Trustworthy Yes/No Decision Automation with TLM (Binary Classification)

Run in Google Colab

This tutorial demonstrates how to use the Trustworthy Language Model (TLM) to automate Yes/No decisions, or more generally, for any binary classification task where you want an LLM to pick between two options (e.g. True or False, A or B, etc).

To use TLM for multi-class classification tasks where your LLM picks from more than two options, refer to our Zero-Shot Classification Tutorial.

Setup

This tutorial requires a TLM API key. Get one here.

Cleanlab’s Python client can be installed using pip.

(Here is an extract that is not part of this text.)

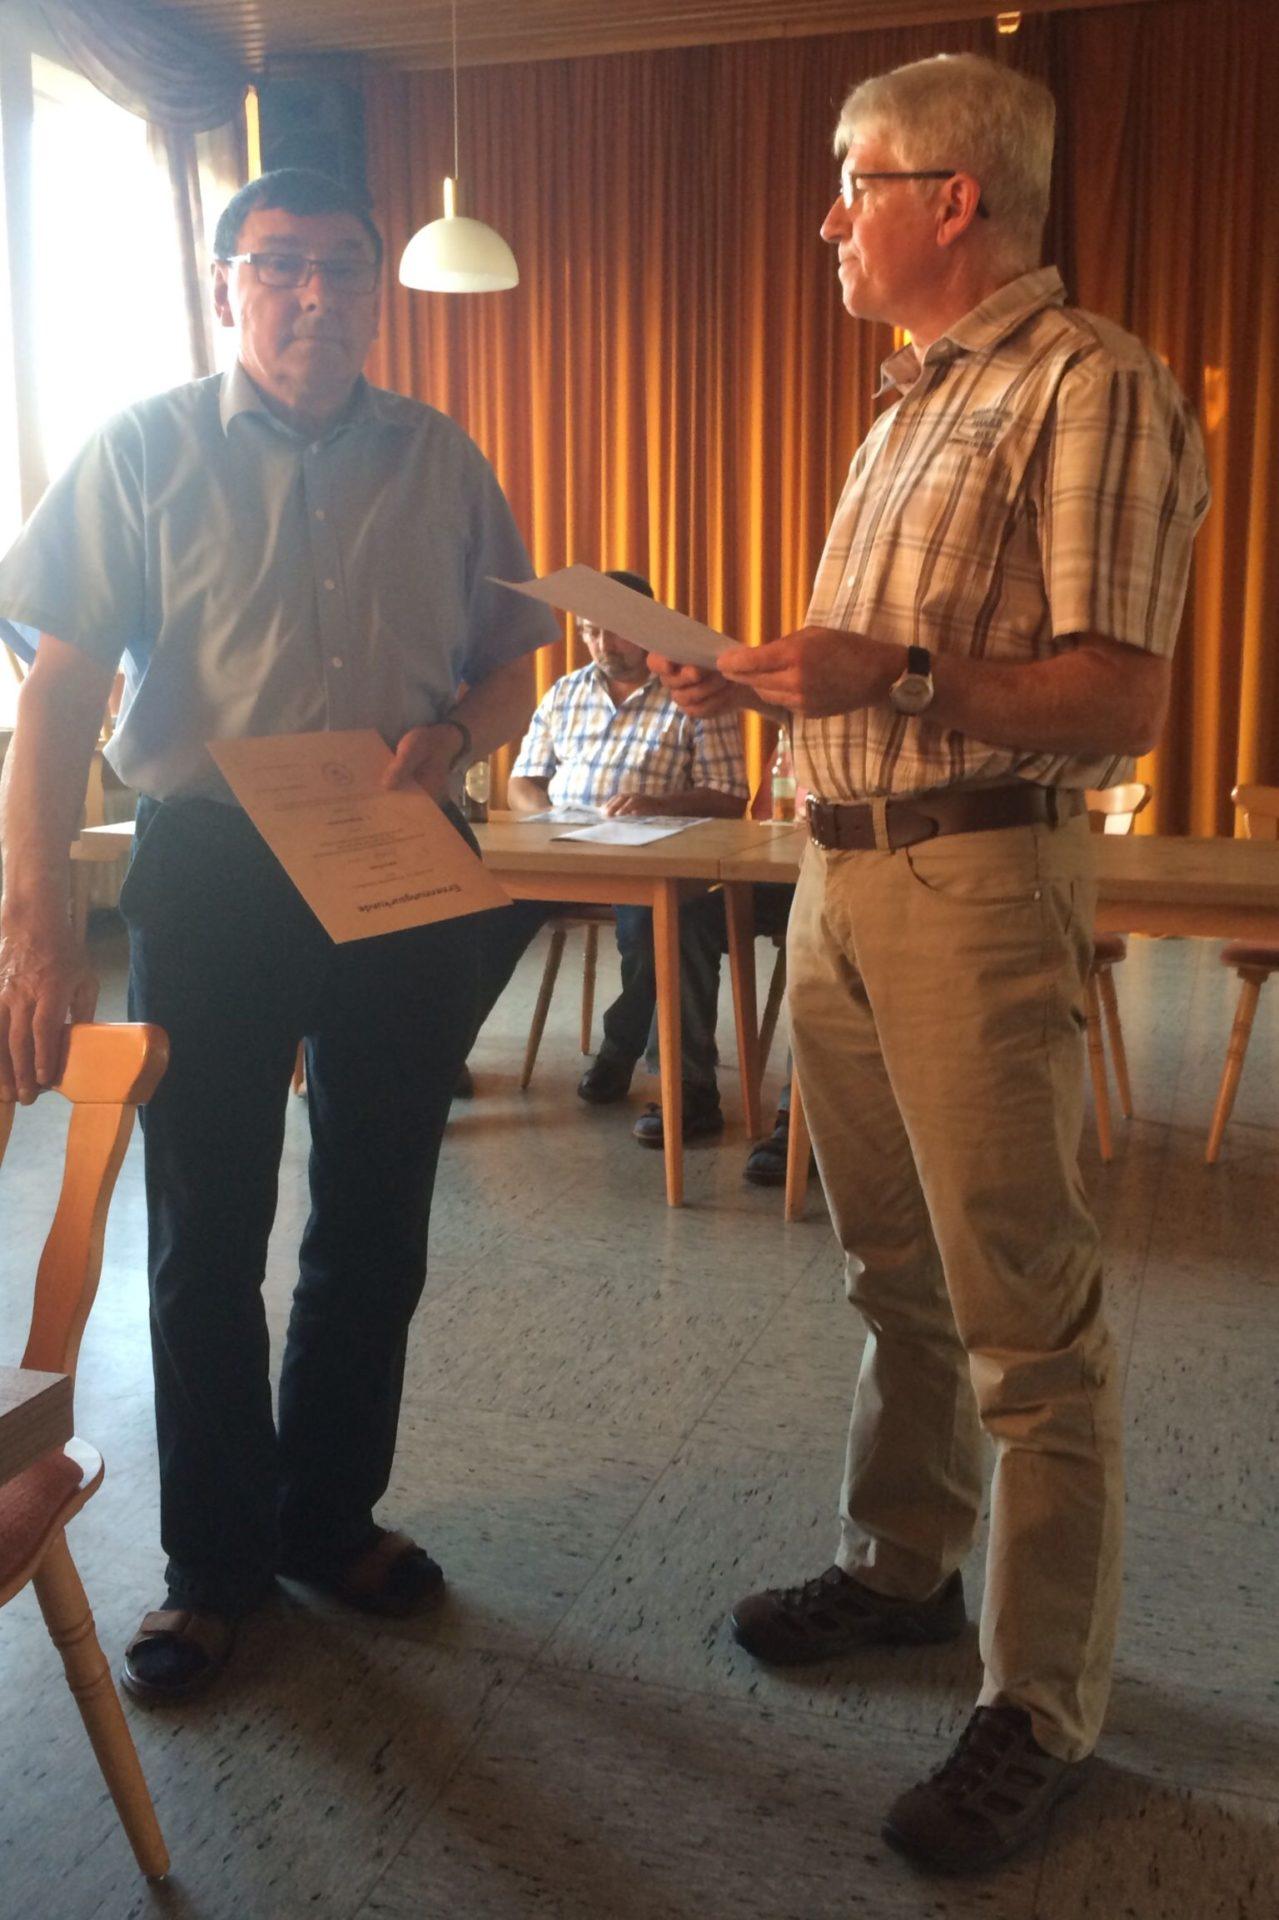 Rudi Weber wird von Ortsbürgermeister Adolf Schuch zum 1. Beigeordneten ernannt (v.l. Adolf Schuch und Rudi Weber)

%pip install --upgrade cleanlab-tlm

# Set your API key
import os
os.environ["CLEANLAB_TLM_API_KEY"] = "<API key>" # Get your free API key from: https://tlm.cleanlab.ai/

import pandas as pd
import numpy as np

pd.set_option('display.max_colwidth', None)

from cleanlab_tlm import TLM

tlm = TLM(quality_preset="low")

Binary classification dataset

Let’s consider a dataset composed of customer service messages received by a bank.

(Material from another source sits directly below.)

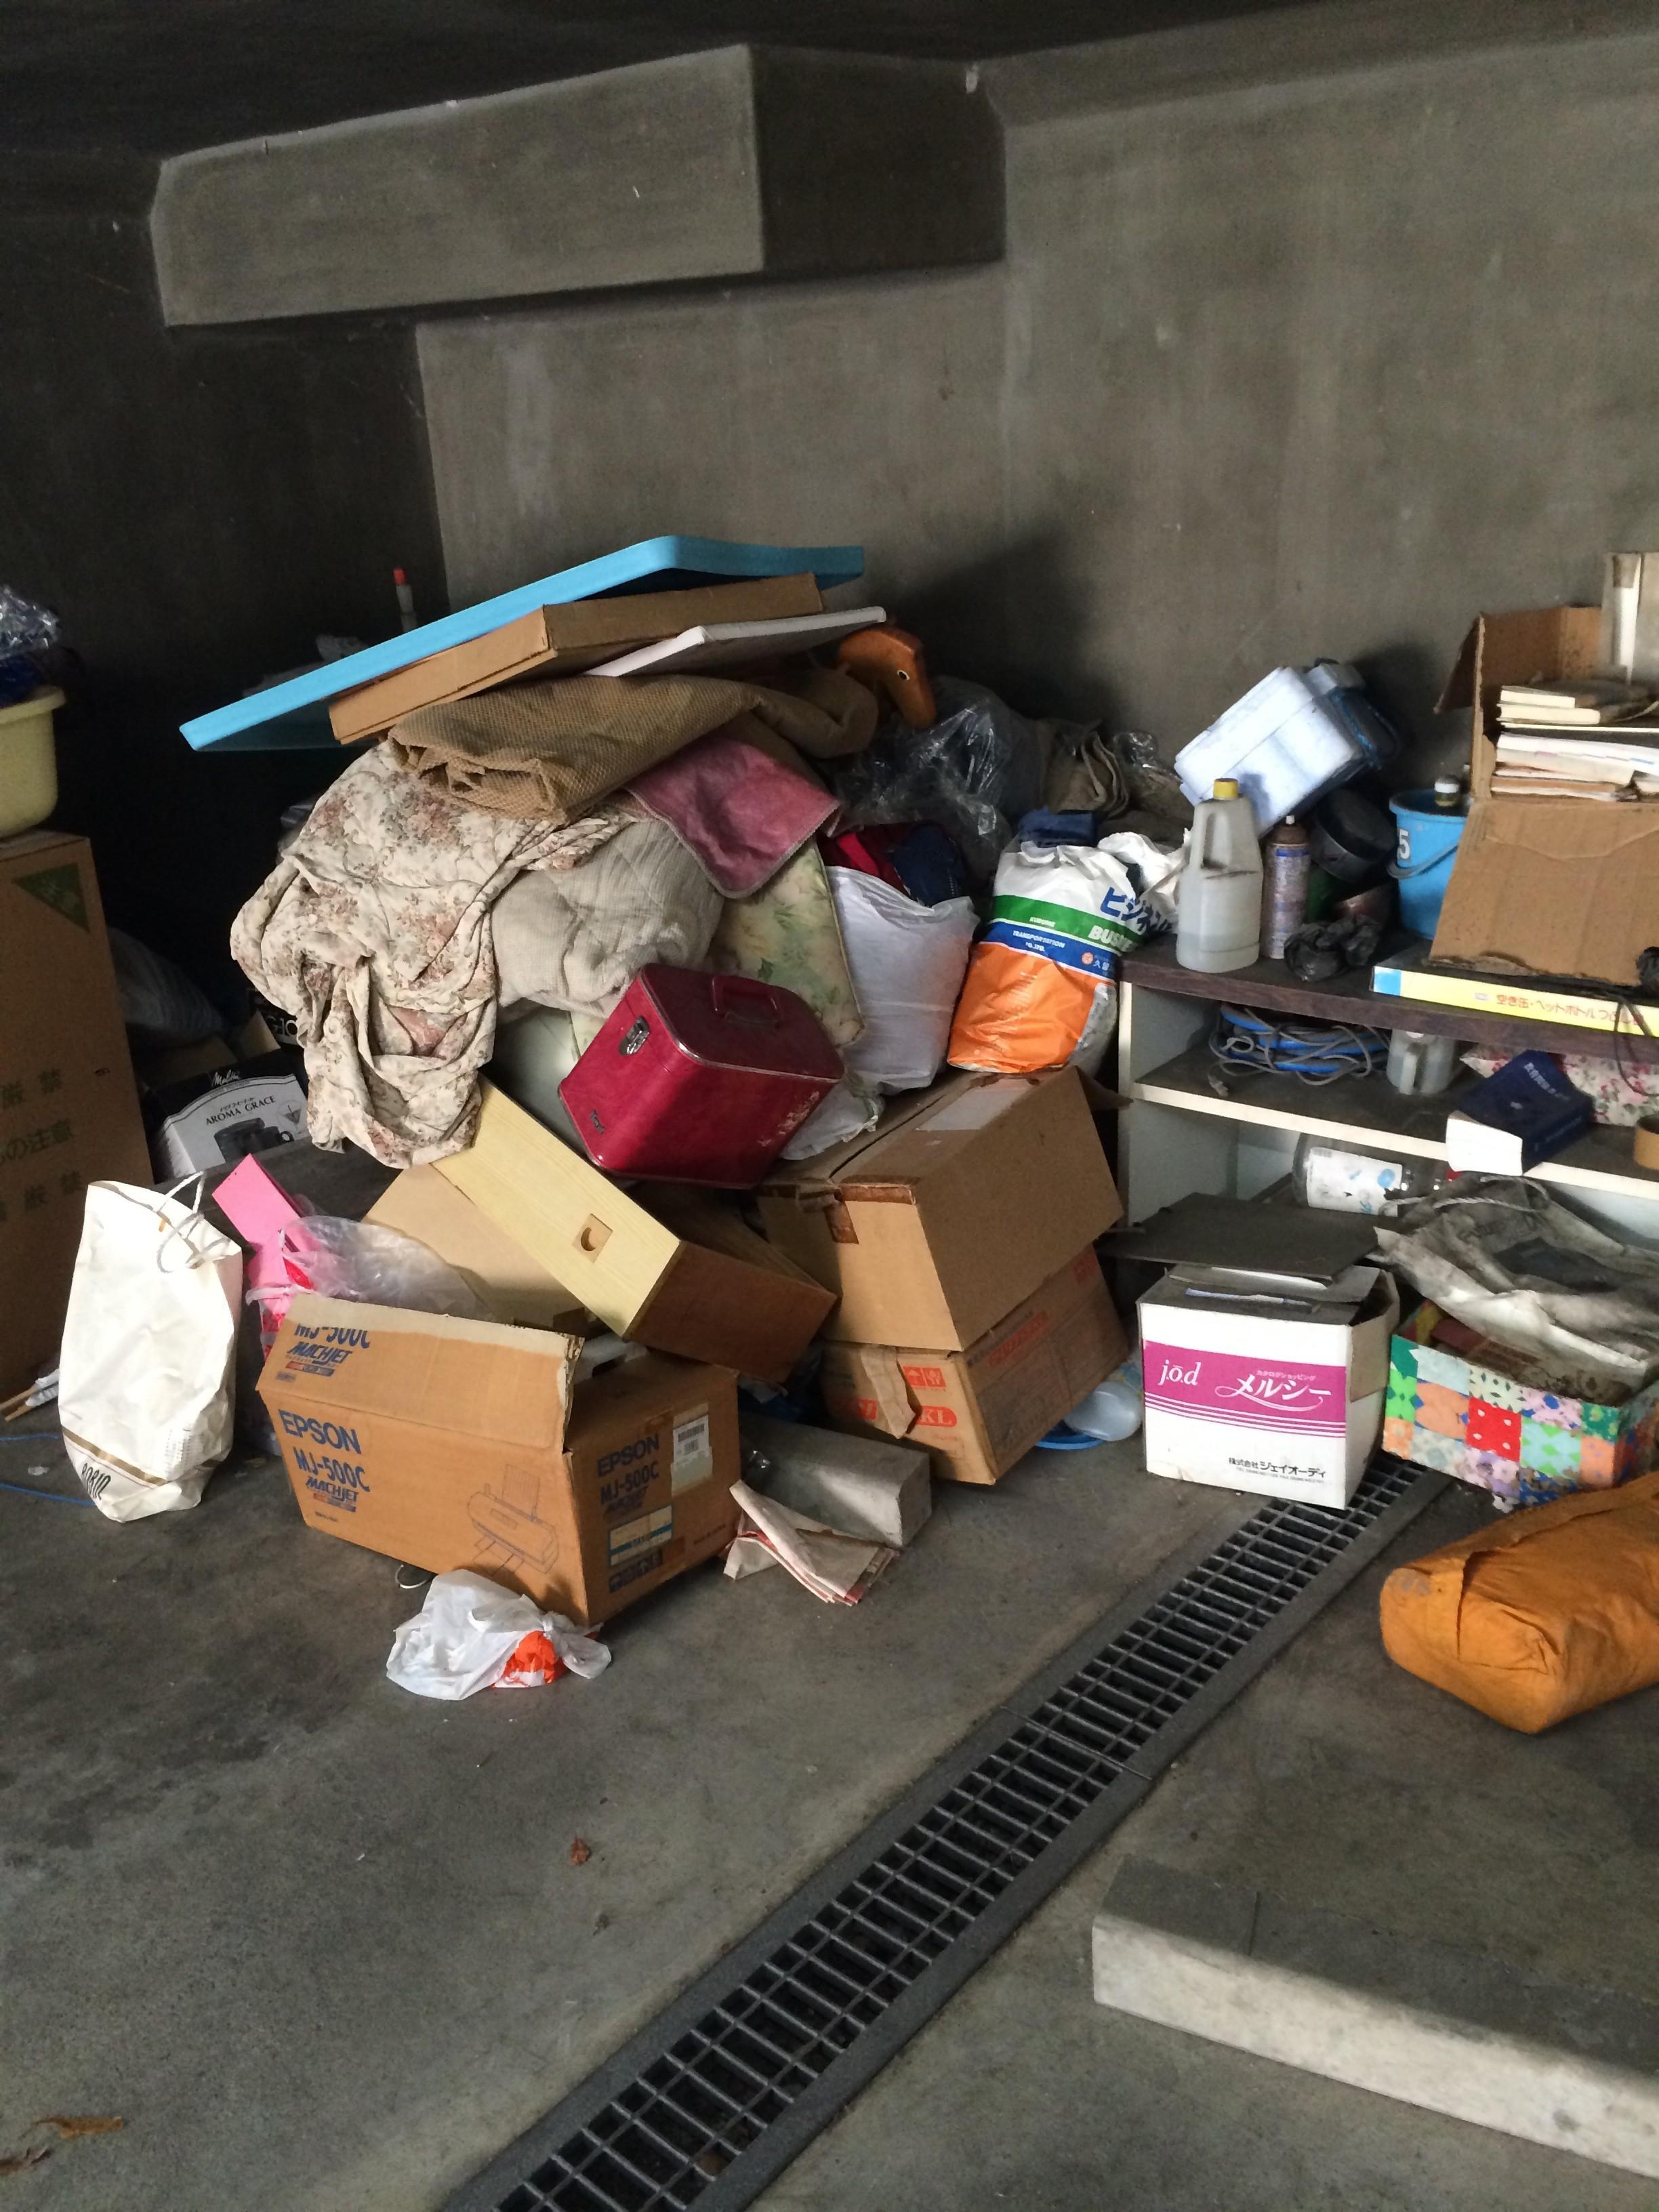 福岡不用品回収、ゴミ回収、実家の片付け、生前整理、空き家の片付け、粗大ゴミ回収

wget -nc https://cleanlab-public.s3.us-east-1.amazonaws.com/Datasets/tlm-annotation-tutorial/customer-service-text.csv

df = pd.read_csv("customer-service-text.csv")
df.head()

	text
0	i need to cancel my recent transfer as soon as possible. i made an error there. please help before it goes through.
1	why is there a fee when i thought there would be no fees?
2	how do i replace my card before it expires next month?
3	what should i do if someone stole my phone?
4	please help me get a visa card.

In our example, let’s suppose the goal is to determine: whether each customer is asking for help changing their card’s PIN, or about something else.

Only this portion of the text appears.